Толпа рассеялась, окутанная облаком звучавших по всему городу слухов, но под вечер собралась вновь. Горожане, боясь новой волны беспорядков, запирали двери и ставни. Если первым объектом мятежной атаки был Вестминстер, то теперь мишенью стала небезызвестная католическая церковь на Линкольнс-инн-филдс; вообще-то это была частная капелла сардинского посла, однако никакие соображения дипломатической вежливости не могли погасить гнев толпы. Она подожгла церковь и уничтожила ее убранство. Согласно источнику того времени, «посол Сардинии просил отребье не предавать огню икону Спасителя и великолепный орган, суля за икону пятьсот гиней, а за орган тысячу. Но эти люди ответили, что охотно сожгли бы и его самого, если бы удалось до него добраться, и собственноручно уничтожили как одно, так и другое». Отсюда по Лондону поползла полоса огня и разрушений.

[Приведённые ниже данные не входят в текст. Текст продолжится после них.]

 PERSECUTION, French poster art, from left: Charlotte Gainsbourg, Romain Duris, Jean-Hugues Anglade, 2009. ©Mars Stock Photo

Следующий день — суббота — прошел относительно спокойно. Однако воскресным утром, собравшись на полях около Уэлбек-стрит, толпа двинулась на Мурфилдс, где жили католические семьи. Там бунтовщики стали жечь дома и разграбили местную католическую капеллу. В понедельник насилие и грабежи продолжались, но теперь они были направлены против судей, причастных к водворению некоторых мятежников в Ньюгейтскую тюрьму, и против политических деятелей, поддержавших прокатолическое законодательство. Запылали Уоппинг и Спитлфилдс. Это был уже не протест под лозунгом «Долой папистов!», а сосредоточенная атака на власть.

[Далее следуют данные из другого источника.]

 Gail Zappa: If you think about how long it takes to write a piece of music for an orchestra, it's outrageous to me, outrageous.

Но, сея беспорядок, бунтовщики и в своих рядах утратили всякое подобие порядка и заготовленного плана. Когда они «делились на отряды, разбегавшиеся по разным частям города, это происходило не по умыслу, а по мгновенному соображению. Каждый отряд по мере движения разбухал, как ширится река, приближаясь к морю… каждому буйству придавали очертания и форму обстоятельства минуты». В те или иные мятежные группы вливались рабочие, откладывавшие инструменты, ученики, срывавшиеся со скамей, посыльные, забывавшие о поручениях. В такой массе всякий рассчитывал на безнаказанность. Многими участниками бунта двигали «нужда, невежество, злое озорство, надежда на добычу». Это вновь цитата из Диккенса, который не был современником событий, но хорошо знал нрав и атмосферу Лондона. Он понимал, что если в системе городского порядка и безопасности пробита первая брешь, то новые не заставят себя ждать. Равновесие города было очень шатким и в один миг могло смениться хаосом. «Ужасающая лихорадка распространялась, передаваясь от горожанина к горожанину; заразительное безумие, не достигшее еще высшей точки, охватывало с каждым часом все больше жертв, и общество уже содрогалось от их бесчинств». Образ болезненной неуравновешенности проходит сквозь всю лондонскую историю, и когда эта неуравновешенность соединяется со склонностью к театрализации, превращающей всякий мятежный эпизод в «сцену», жизнь города открывается нам во всей своей сложности.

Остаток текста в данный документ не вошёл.